[DATASET EXCERPT Boundary: Start]
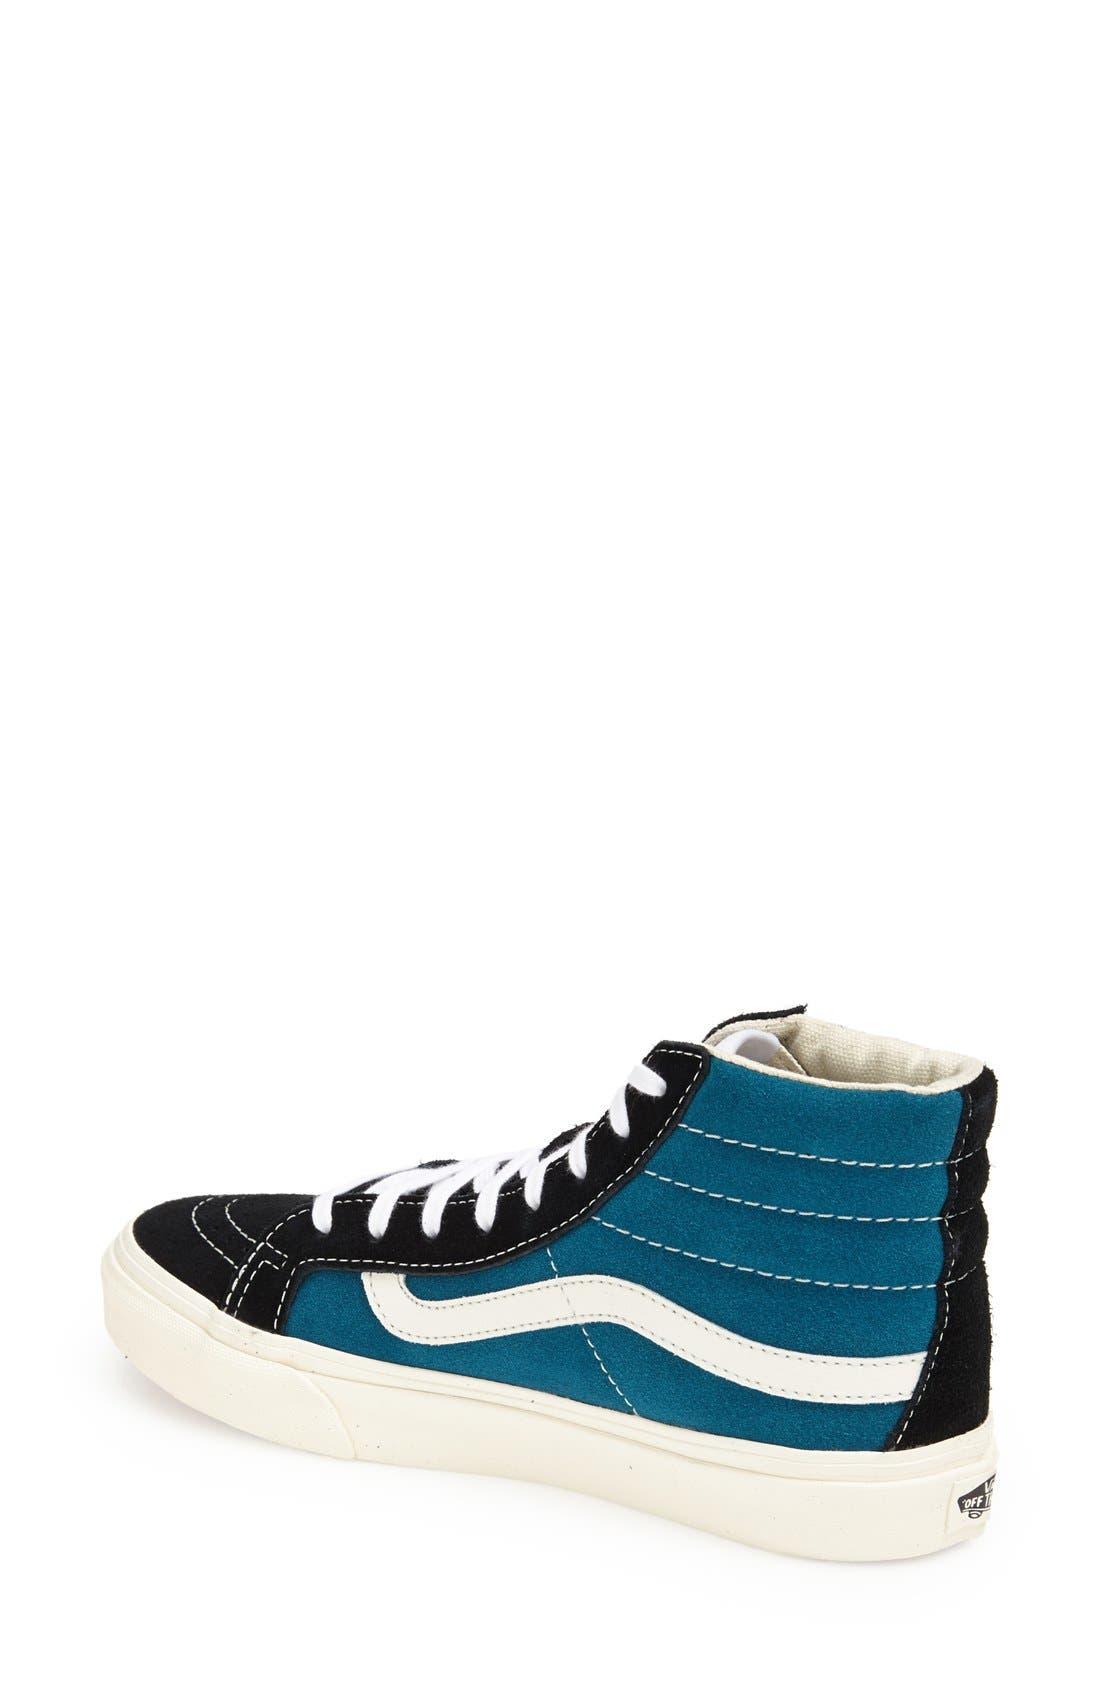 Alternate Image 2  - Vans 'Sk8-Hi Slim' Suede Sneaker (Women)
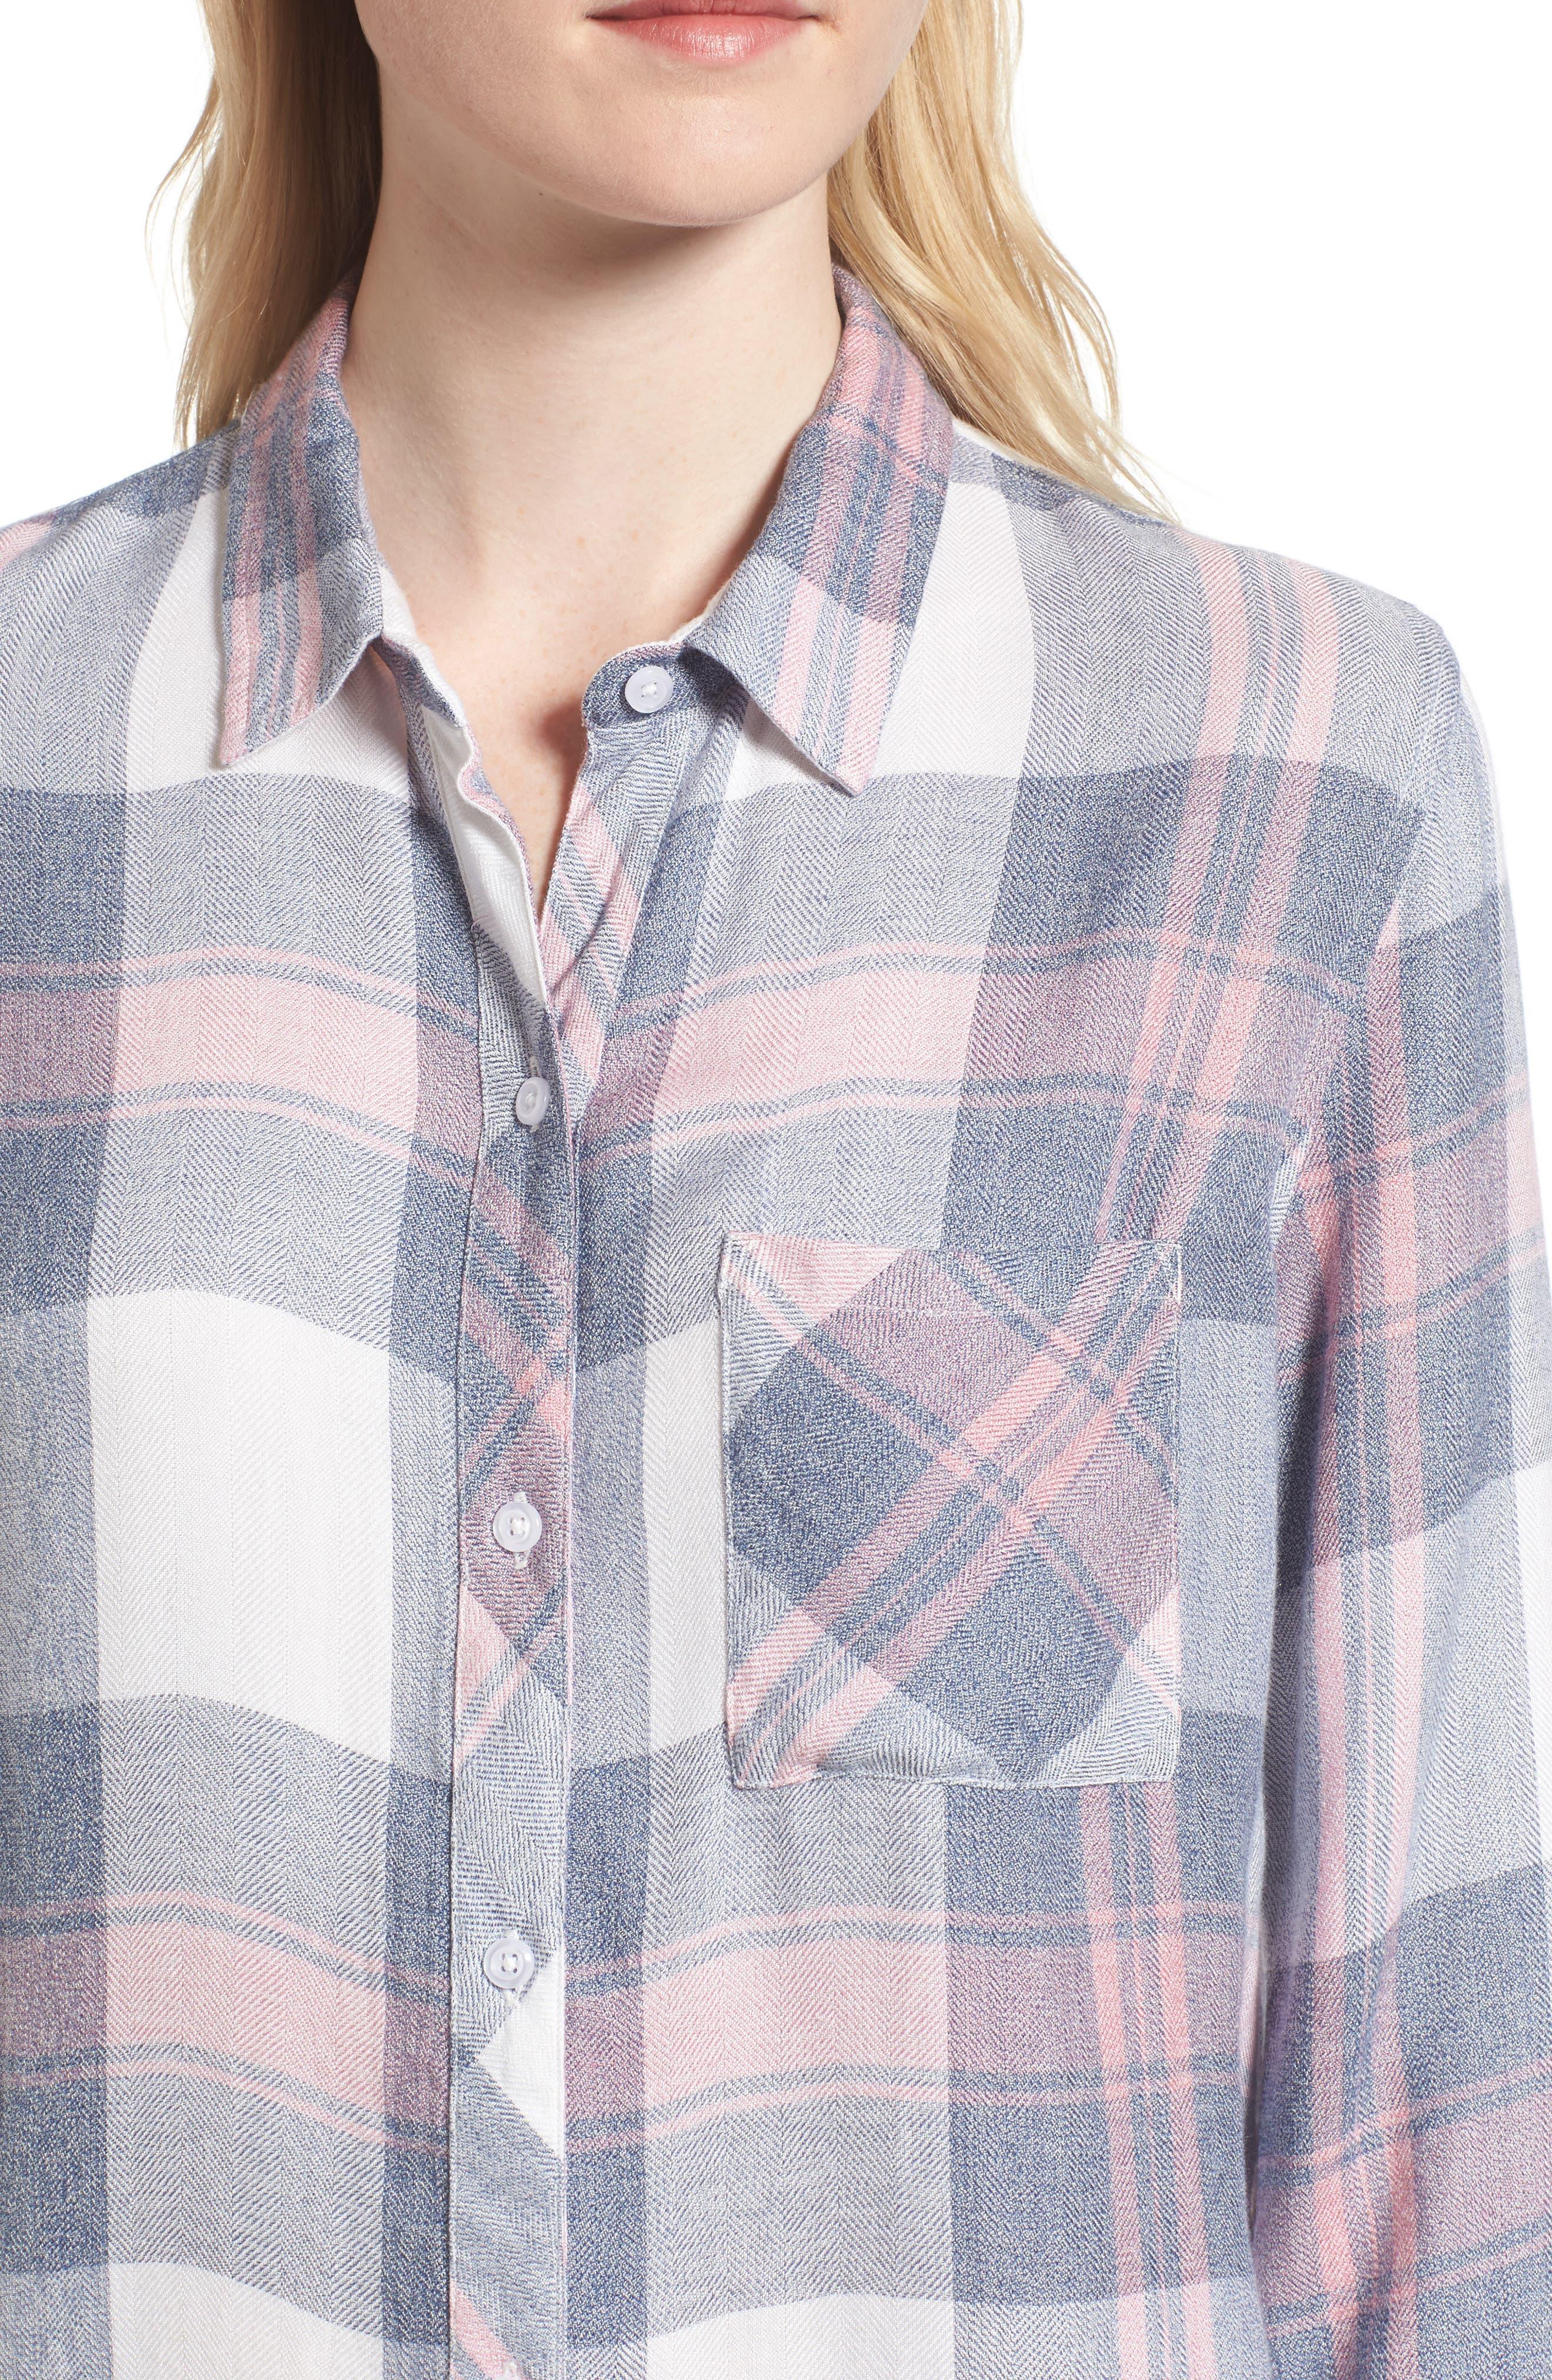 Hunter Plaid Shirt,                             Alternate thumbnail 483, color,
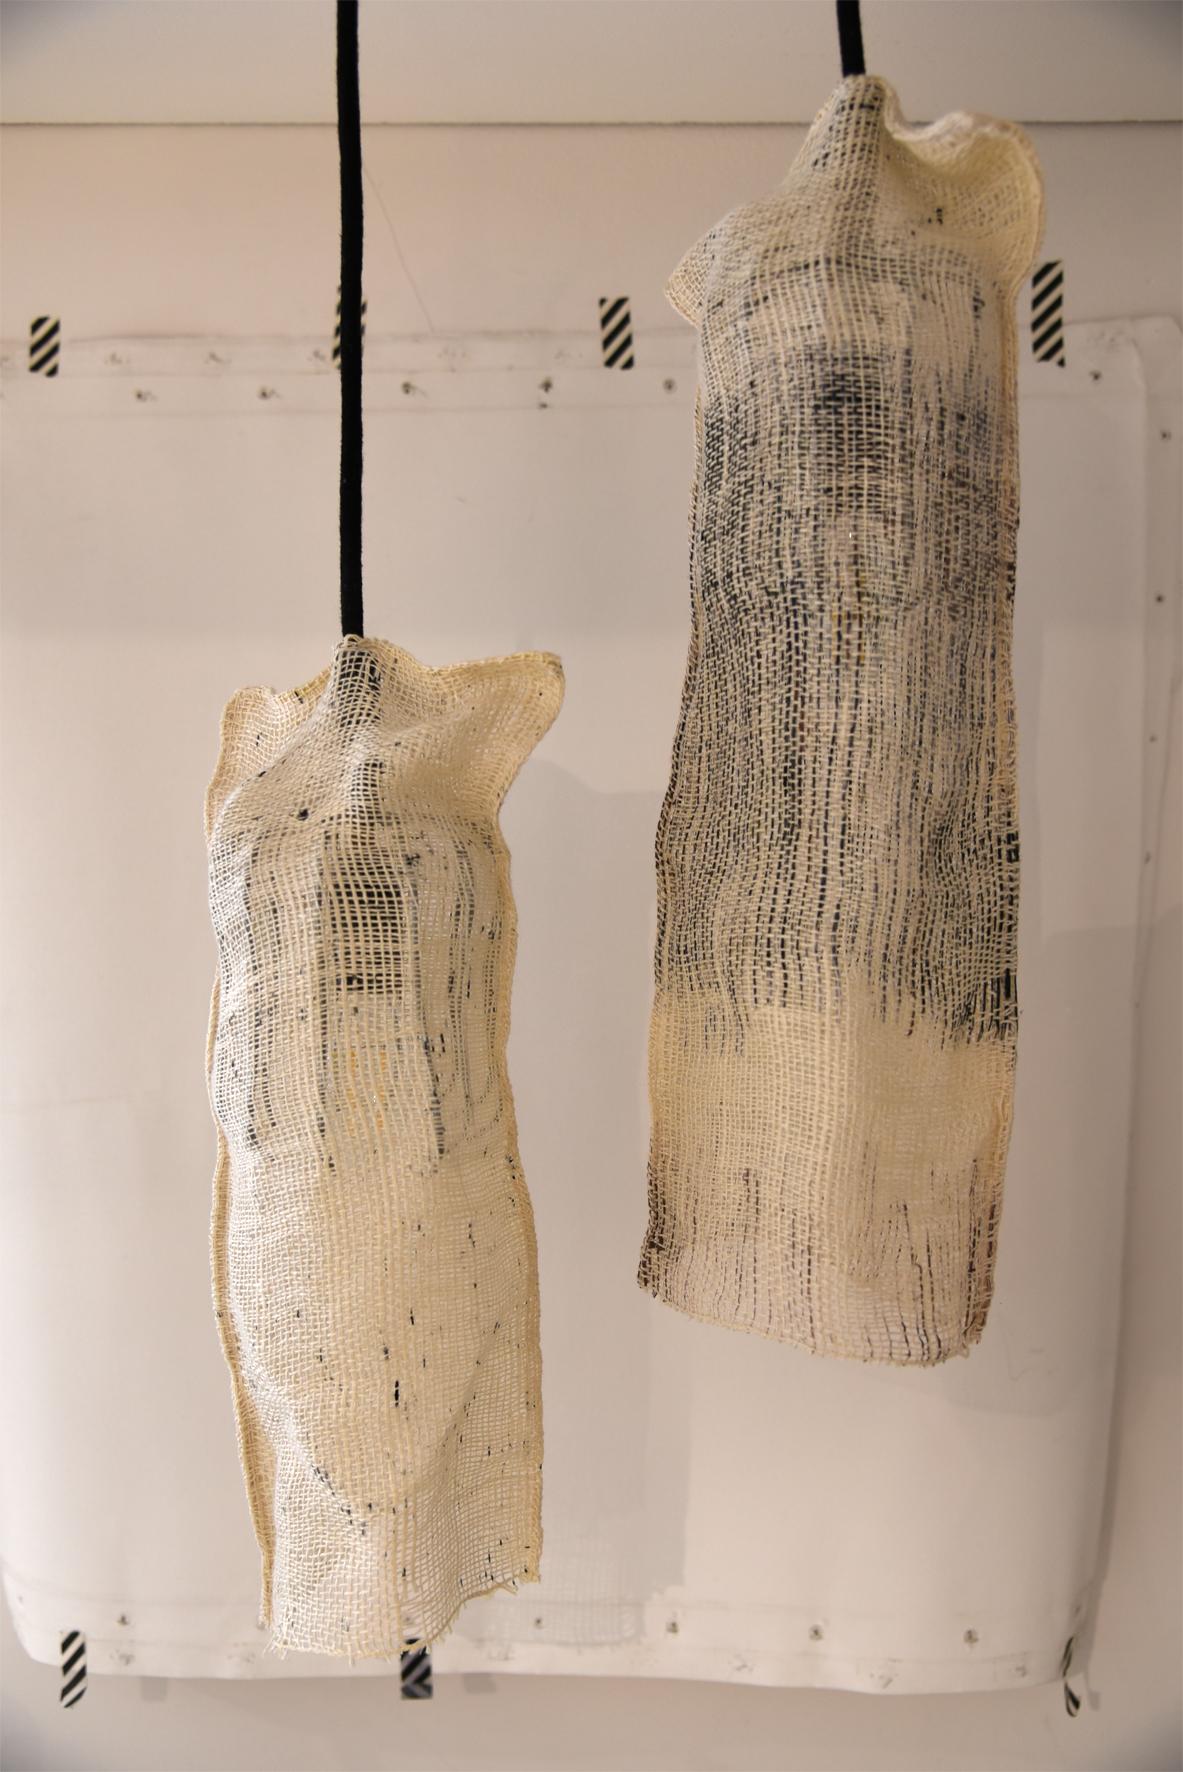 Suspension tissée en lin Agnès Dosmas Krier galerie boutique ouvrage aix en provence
[DATASET EXCERPT Boundary: End]
*WORK ITEM*: Repeat the material above in full and exactly, omitting the pictures.

*SOLUTION*:
 Alternate Image 2  - Vans 'Sk8-Hi Slim' Suede Sneaker (Women)
 Hunter Plaid Shirt,                             Alternate thumbnail 483, color,
 Suspension tissée en lin Agnès Dosmas Krier galerie boutique ouvrage aix en provence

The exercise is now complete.